--- START ---
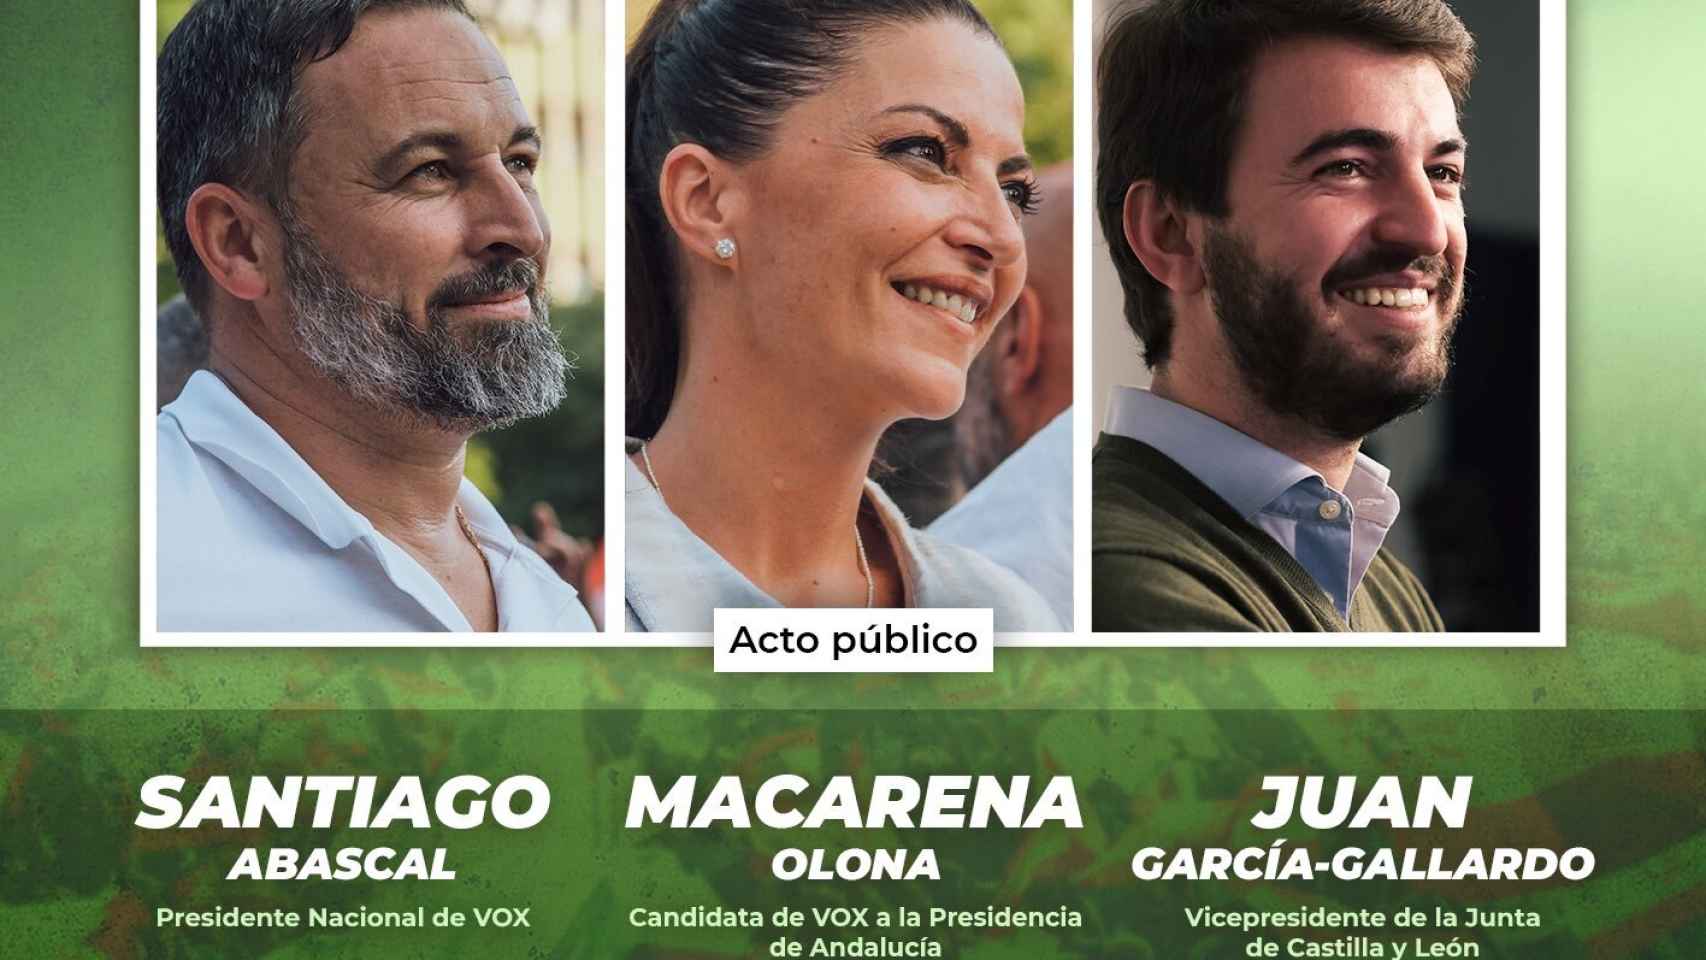 Cartel de la campaña electoral de Vox con Santiago Abascal, Macarena Olona y Juan García-Gallardo
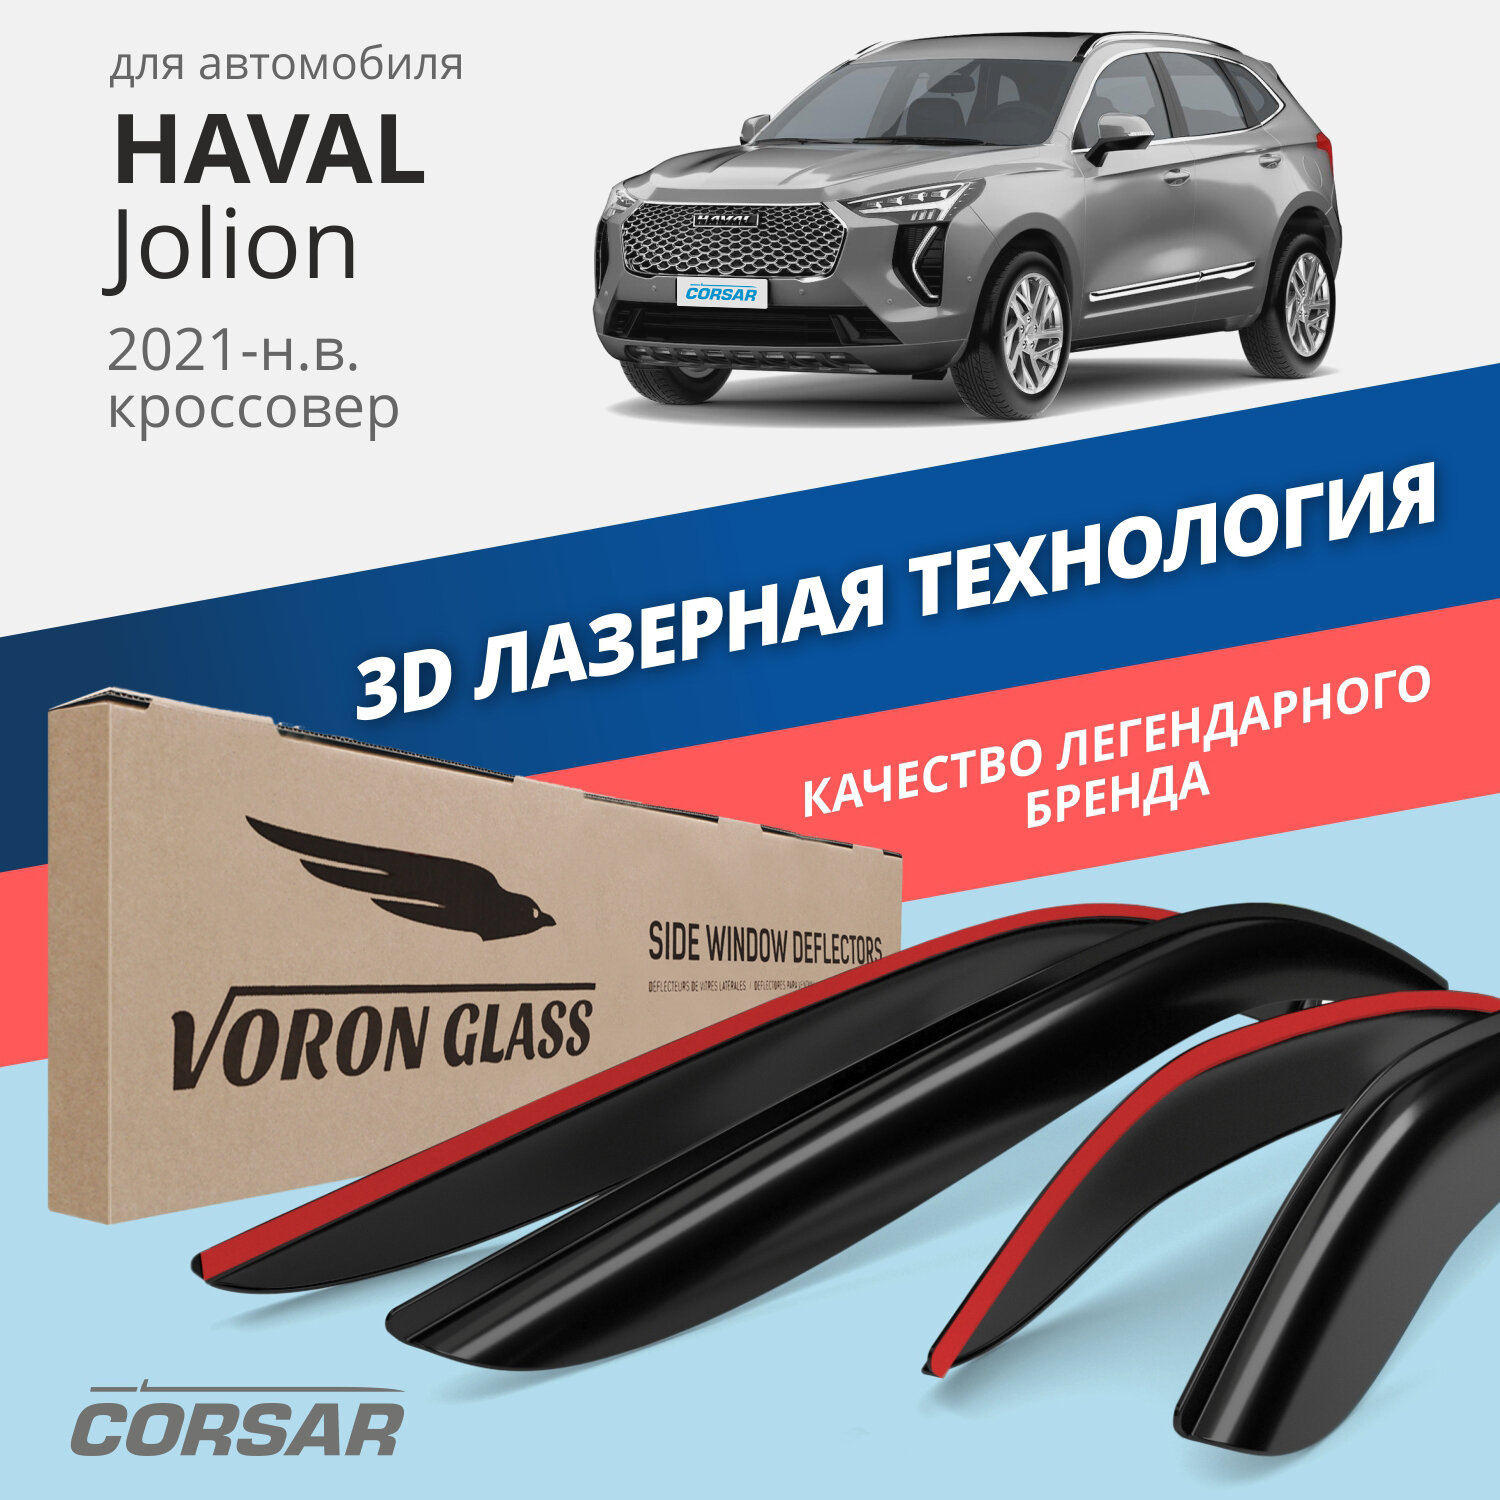 Дефлекторы на боковые стекла Haval Jolion 2021-н. в. накладные 4 шт. Voron Glass Corsar
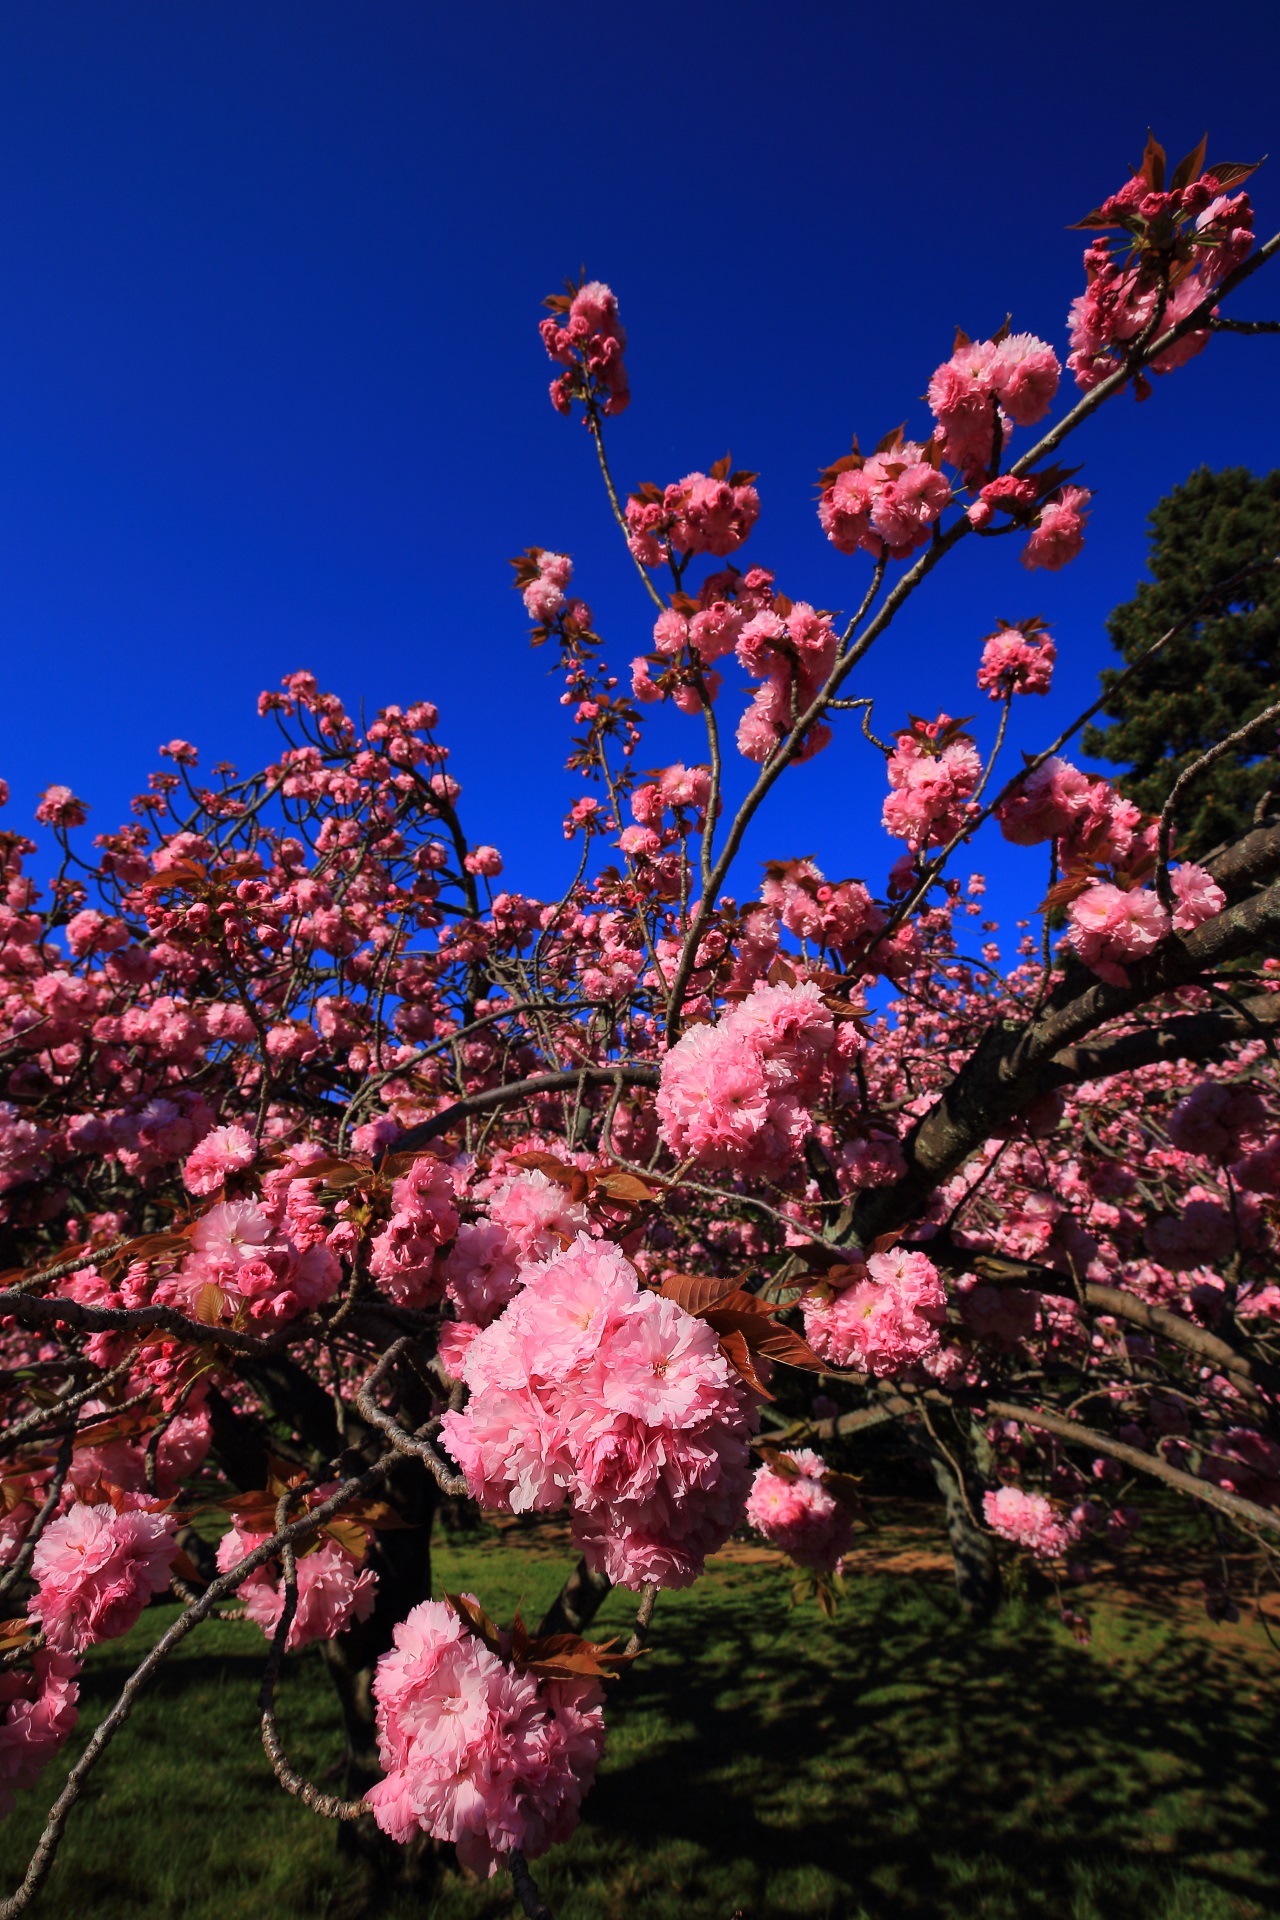 豪快だが花びら一つ一つは可愛く繊細な桜
--- END ---
**Problem to solve:**
Since the pictures are not wanted, transcribe only the rest of the material above, exactly as it stands.

**Expected answer:**
 Cartel de la campaña electoral de Vox con Santiago Abascal, Macarena Olona y Juan García-Gallardo
 Дефлекторы на боковые стекла Haval Jolion 2021-н. в. накладные 4 шт. Voron Glass Corsar
 豪快だが花びら一つ一つは可愛く繊細な桜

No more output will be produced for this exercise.